(„Jonathan“ directed by Piotr J. Lewandowski, 2016)
Nein, spannend ist das Leben von Jonathan (Jannis Niewöhner) sicher nicht. Während seine Freunde nach der Schule raus in die große Welt drängen, ist er selbst an den Hof seiner Familie gebunden, statt Horizonterweiterung sind Viecher und Knochenarbeit angesagt. Spannungen gibt es dafür mehr als genügend. Zu seinem sterbenskranken Vater Burghardt (André Hennicke) beispielsweise, der sich bis heute weigert, über den Tod seiner Frau zu sprechen. Als die junge und aufgeschlossene Pflegerin Anka (Julia Koschitz) in sein Leben tritt, scheint es endlich wieder aufwärts zu gehen. Gleichzeitig sorgt aber ein zweiter Neuankömmling für unschöne Turbulenzen: Ron (Thomas Sarbacher), ein alter Bekannter von Burghardt, der mehr über die Vergangenheit seines Vaters weiß, als es Jonathan lieb ist.
Es ist schon ein wenig seltsam, was für einen Film Piotr J. Lewandowski da abgeliefert hat. Jonathan heißt er, was darauf schließen lässt, dass der in Polen geborene Regisseur und Drehbuchautor vor allem über den jungen Mann sprechen will. Das tut er natürlich auch, denn um diesen herum entspinnt sich gleich ein ganzes Geflecht aus Themen und Problemen. Jonathan selbst bleibt dabei aber befremdlich außen vor. Es sind alle anderen, die über sein Leben bestimmen, für die Höhen und Tiefen verantwortlich sind: sein Vater, Anka, der mysteriöse Ron. Ja, selbst seine tote Mutter scheint lebendiger zu sein als der Titelheld, an dem alles vorbeizieht. Der zwar Anteilnahme zeigt, aber kaum eigene Impulse setzt.
Einerseits ist das natürlich auch irgendwo der Punkt an Jonathan, dass hier ein junger Mann vom Leben überwältigt wird und lernen muss, mit all diesen Punkten zurechtzukommen und seine eigene Stimme zu finden. Und wie sehr der Protagonist von all dem überfordert wird, das lässt sich dank der Darstellung von Jannis Niewöhner auch sehr schön sehen. Es emotional nachzuvollziehen, gestaltet sich da schon schwieriger. Das liegt auch daran, dass Lewandowski offensichtlich sehr viel zu erzählen hat und der Ansicht war, das alles hier schon in seinem Spielfilmdebüt unterbringen zu müssen. Das ist dann nicht nur für seine junge Titelfigur ein bisschen viel, auch als Zuschauer hätte man sich da mehr Zurückhaltung gewünscht.

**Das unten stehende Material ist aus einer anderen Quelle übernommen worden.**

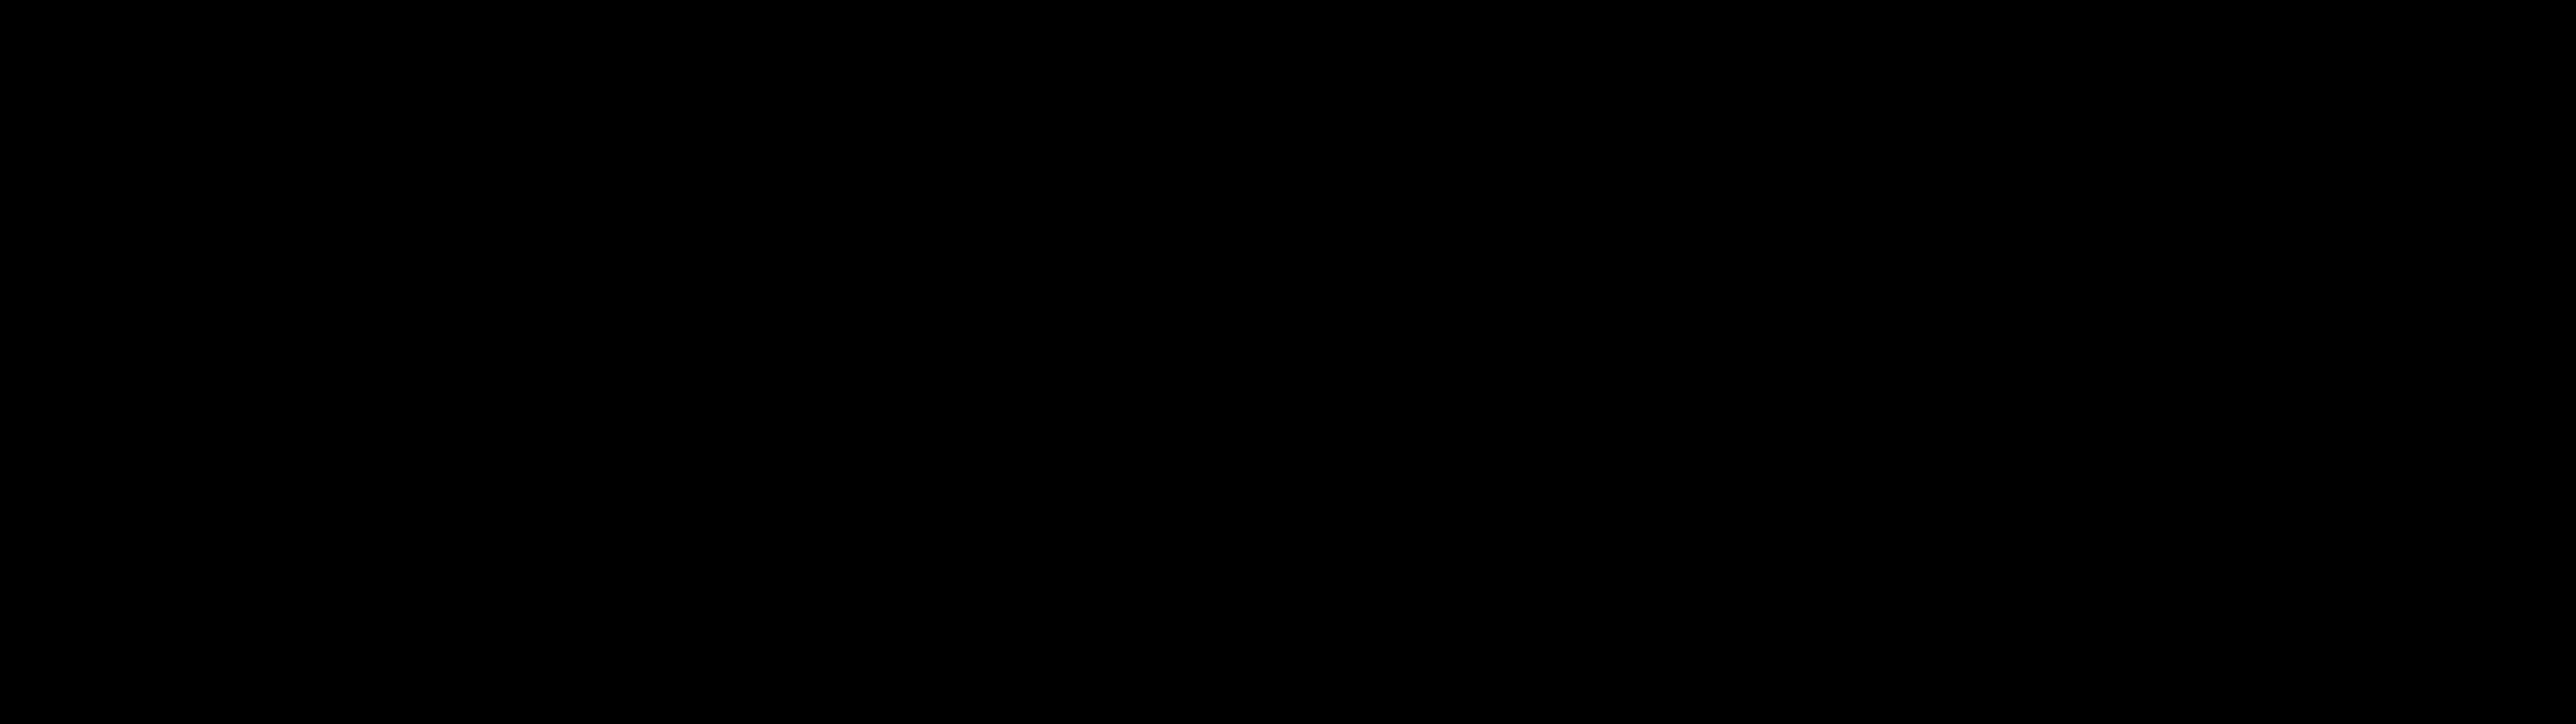 bizzfoss

Wichtig sind die Themen dabei für sich genommen schon. Allein schon der Umgang mit dem Tod und die Frage der richtigen Sterbebegleitung, wären es wert gewesen, einen eigenen Film daraus zu machen. Nur muss sich dieser Aspekt den Platz mit vielen anderen teilen, in nur etwas mehr als anderthalb Stunden auch noch. Dass das nicht für allzu viel Tiefe reicht, sollte daher niemanden überraschen. Statt einem allmählichen Eintauchen in die Thematik reicht es daher oft nur für schicke Schlagworte. Das macht das reichhaltige Angebot zwar bekömmlich, gleichzeitig aber auch irgendwie künstlich. Konstruiert. Jonathan mag durchaus vom Leben inspiriert sein, es fühlt sich jedoch nur selten danach an.
Vor allem das dunkle Familiengeheimnis enttäuscht doch eher. Nicht nur, dass eigentlich jeder hier vorausahnt, worum es geht – bis auf Jonathan –, es wird zum Ende hin so schnell abgefertigt, als wäre es eigentlich doch nicht so wichtig gewesen. Und das obwohl eben auf diesem Geheimnis alles andere fußt. Ein Gespür für sensible Szenen beweist Lewandowski an mehreren Stellen. Beim nächsten Film gesellt sich hoffentlich auch die Geduld dazu, diesen mehr Luft zum Atmen zu geben und so eine etwas natürlichere Entwicklung zu ermöglichen.